The assembly last month passed a 15-billion-euro (18.4-billion-dollar) government austerity package, which includes cuts to public workers' salaries, by just one vote.

Spain plunged into its worst recession in decades at the end of 2008 following the collapse of a decade-long property boom and only returned to a tepid growth this year.

The crisis has sent unemployment rate soaring to more than 20 percent, the highest in the European Union after Latvia.

The high unemployment has caused government spending on jobless benefits to skyrocket, pushing Spain's public deficit to 11.2 percent of Gross Domestic Product last year, the third highest in the eurozone after Greece and Ireland.

Spanish press reports said Wednesday the IMF was working with the European Union and Washington on a rescue plan for Spain worth up to 250 billion euros.

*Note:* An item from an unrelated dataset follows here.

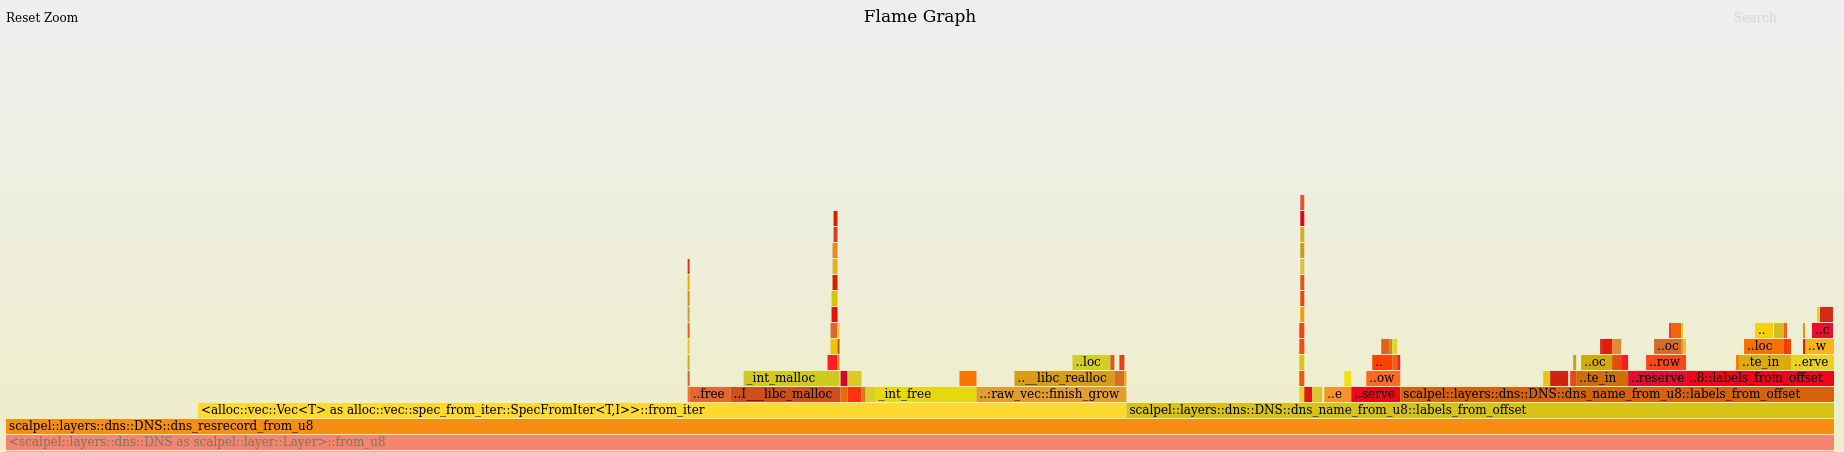 FlameGraph 1 - FlameGraph for Vec<Vec<u8>>

Business daily El Economista said the IMF, the EU and the US Treasury had drawn up a liquidity plan for Spain including a credit line of up between 200 and 250 billion euros.

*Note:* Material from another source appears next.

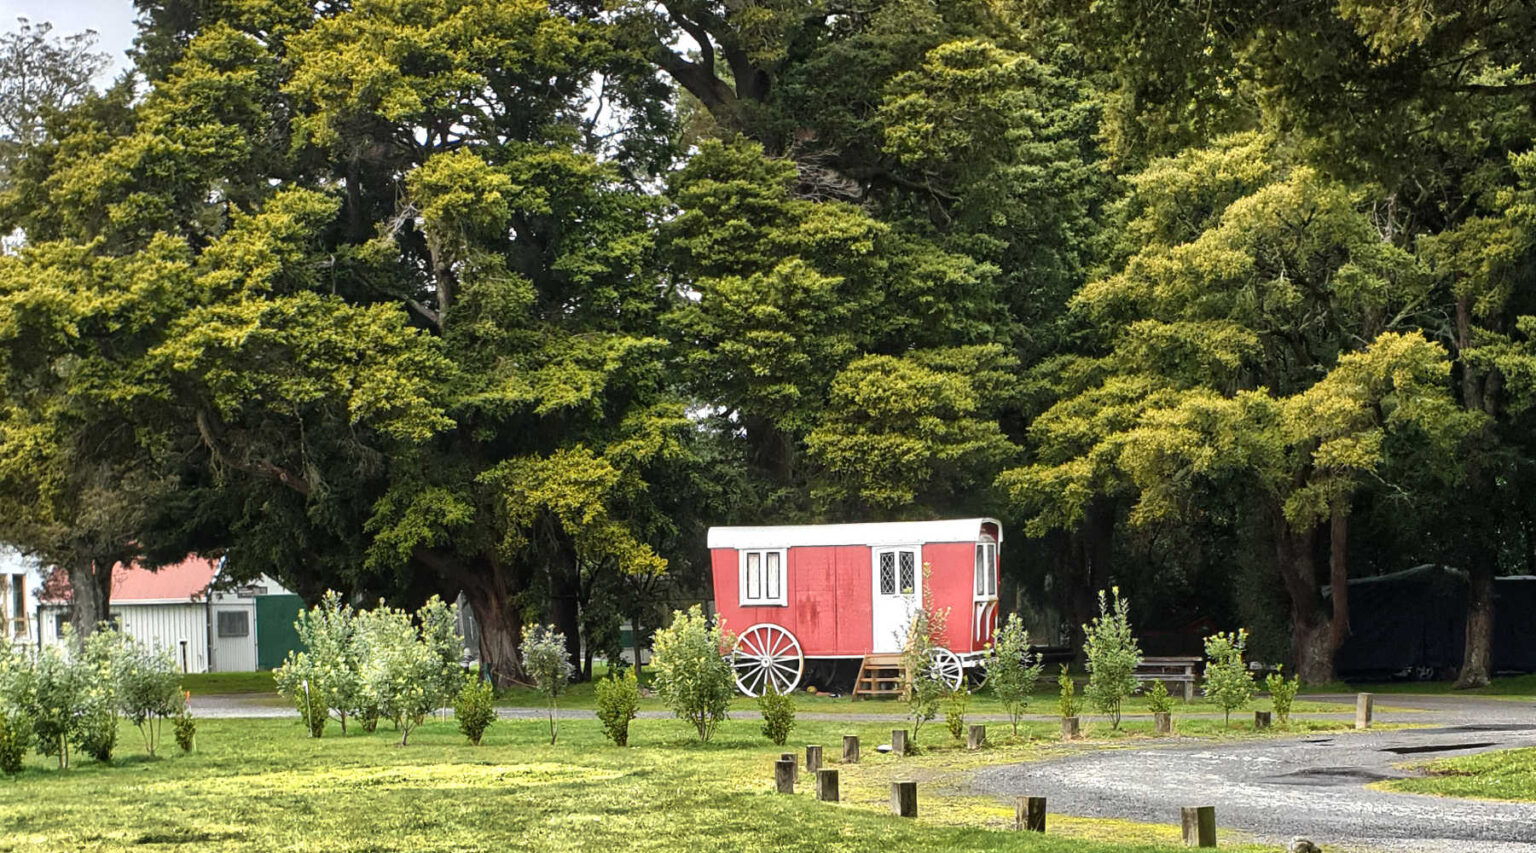 Greytown camping ground accommodation option, Wairarapa, New Zealand

The plan would use money from a special-purpose fund worth up to 500 billion euros put in place last month to help eurozone nations that run into Greek-style debt problems, it added.

The IMF, the European Commission and the Spanish government have denied any bailout is in the works, with Brussels dismissing the report as "rubbish."

But IMF chief Dominique Strauss-Kahn announced Wednesday he will visit Madrid this week to meet Spanish Prime Minister Jose Luis Rodriguez Zapatero, adding to speculation over a rescue package.

Strauss-Kahn stressed it would be a "working visit" and again dismissed the talk of a bailout for Spain.

EU finance ministers last week finalised the details of the 500 billion euros loan and guarantee fund, set up to calm investors who had switched attention to Spain and other weaker eurozone members after a 110-billion-euro Greek bailout was agreed with the EU and IMF.

The IMF warned last month that Spain's economy needed "far-reaching and comprehensive reforms" of its rigid labour market and banking sector if it wants to solve its huge debt and deficit problems.

Bank of Spain governor Miguel Fernandez Ordonez meanwhile also called for rapid implementation of restructuring measures, including those to "improve the competitiveness of the Spanish economy."

The government pushed ahead with its own version of the labour market reforms after talks between it and unions and employers collapsed last week.

Spain's two largest unions, the CCOO and the UGT which represent over two million workers, on Tuesday called for a general strike on September 29 to protest the plan.

Workers on full contracts are currently entitled to severance pay of as much as 45 days per year worked, one of the highest levels in Europe. Under the government reform, this would be reduced to 33 days for some contracts.

The plan also calls for the creation of a government-sponsored fund for each worker that could be used by firms to pay a portion of an employee's severance.

Many economists blame the high jobless rate on the high cost of firing workers in Spain, which makes employers reluctant to hire staff and encourages the use of temporary contracts that have few benefits and rights.

The government has also encouraged the rapid consolidation of the country's 45 regional savings banks to weather the country's uncertain economic outlook sparked by the collapse of the property sector.

But its public finances could be further strained after the Bank of Spain revealed Wednesday that these regional banks have requested around 11 billion euros from a state restructuring fund to carry out merger plans.

The banks had until Tuesday to request financing from the Fund for Orderly Bank Reconstruction (FROB), which was set up in June last year to help the struggling saving banks merge or restructure.